Industry analysts in aggregate predict the S&P 500 will see a 4.8% increase in price over the next twelve months. This percentage is based on the difference between the bottom-up target price and the closing price for the index at the end of December. Aggregating the mean target price estimates (based on company-level estimates submitted by industry analysts) for all 500 companies in the index, the bottomup target price for the S&P 500 is 1937.91, which is 4.8% above the closing price of 1848.36. It is interesting to note that this is the lowest percentage price increase predicted by the industry analysts for a year in the past five years (2008 – 2013).

Market strategists, on the other hand, predict the S&P 500 will see a 2.3% decrease in price over the next twelve months. This percentage is based on the difference between the top down mean target price and the closing price for the index at the end of December. Taking the average of the eight indexlevel target price estimates submitted to FactSet by market strategists, the top-down mean target price for the S&P 500 is 1806.25, which is 2.3% below the closing price of 1848.36.

It is not unusual to a wide spread between the industry analysts and the market strategists in terms of target prices. Over the past three years (on a month-end basis), the bottom-up target price has been 6.2% above the top-down target price. As of today for 2014, the bottom-up target price is 7.2% above the top-down mean target price.

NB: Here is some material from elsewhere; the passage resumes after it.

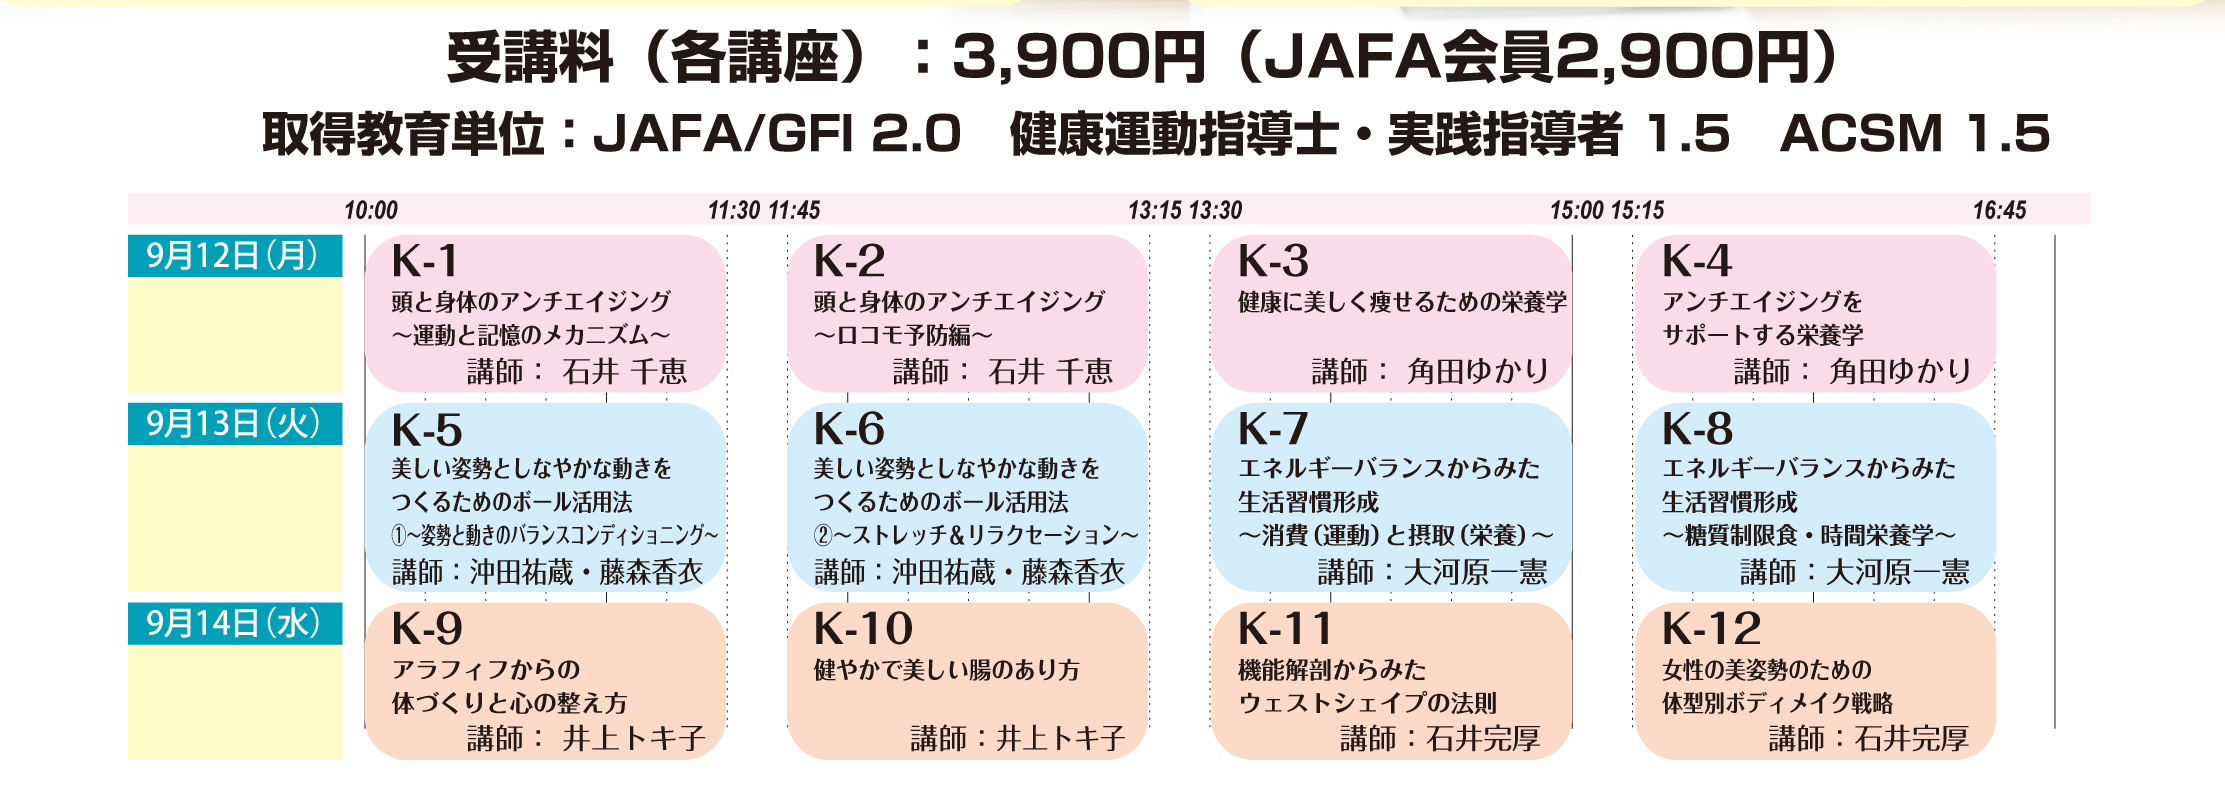 http://www.jafanet.jp/event/%E3%82%AB%E3%83%AC%E3%83%83%E3%82%B82016time.jpg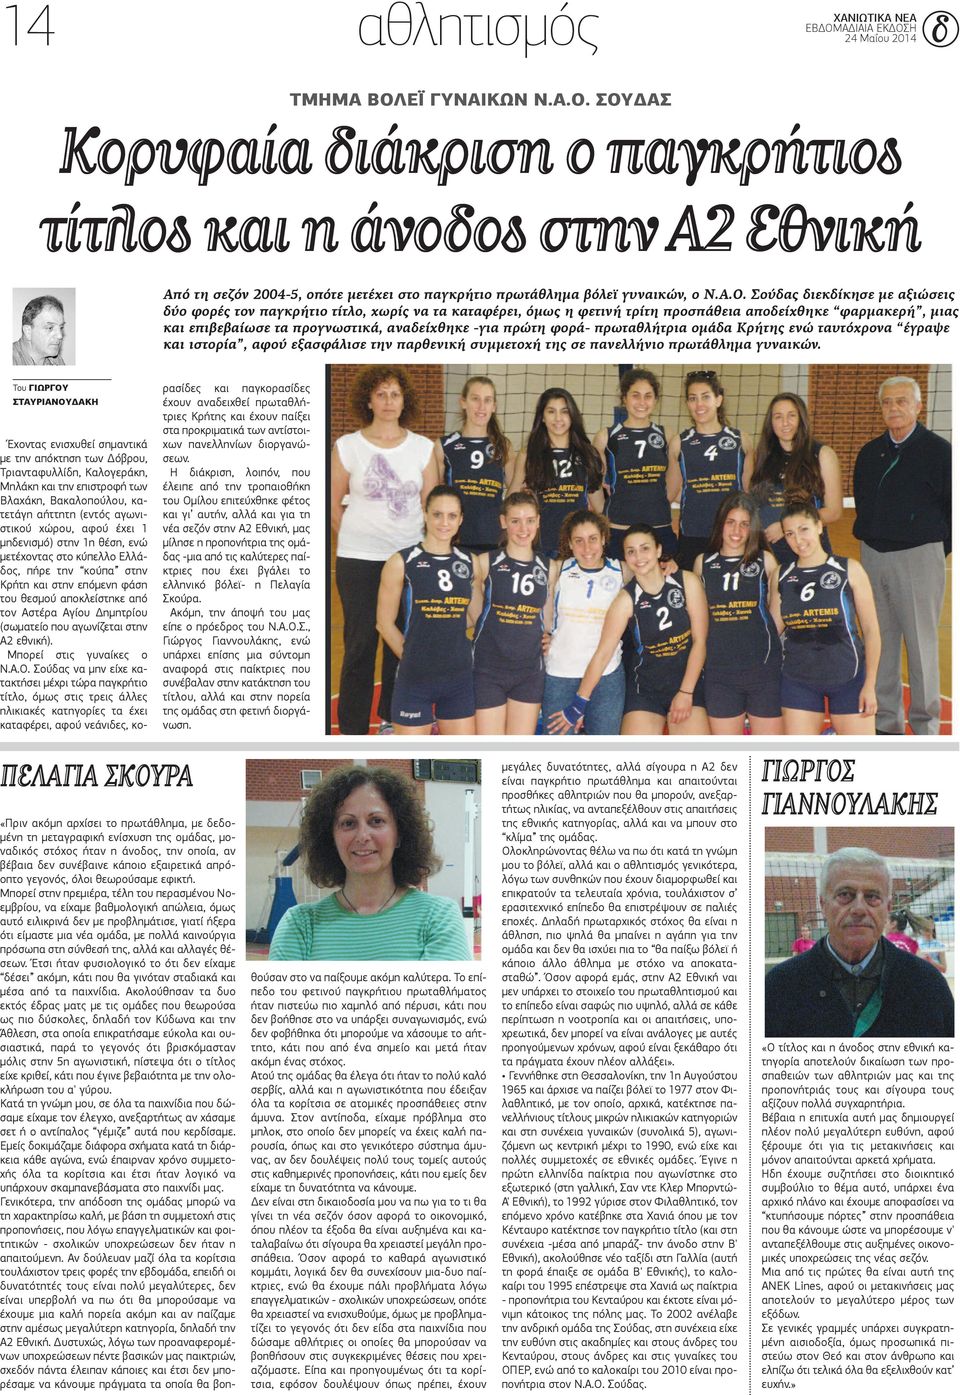 πρώτη φορά- πρωταθλήτρια ομάδα Κρήτης ενώ ταυτόχρονα έγραψε και ιστορία, αφού εξασφάλισε την παρθενική συμμετοχή της σε πανελλήνιο πρωτάθλημα γυναικών.

Who will be correct? It is interesting to note that over the past three years (on a monthly basis), the industry analysts have overestimated the closing price of the index 12 months later by 2.6%, while the market strategists have underestimated the closing price of the index 12 months later by 2.6%.

In terms of ratings by industry analysts on S&P 500 companies at the end of the quarter, 50% were Buy ratings, 45% were Hold ratings, and 5% were Sell ratings. Since September 30, the number of Buy ratings has fallen by 1.5%, the number of Hold ratings has dropped by 5.5%, and the number of Sell ratings has increased by 2.7%.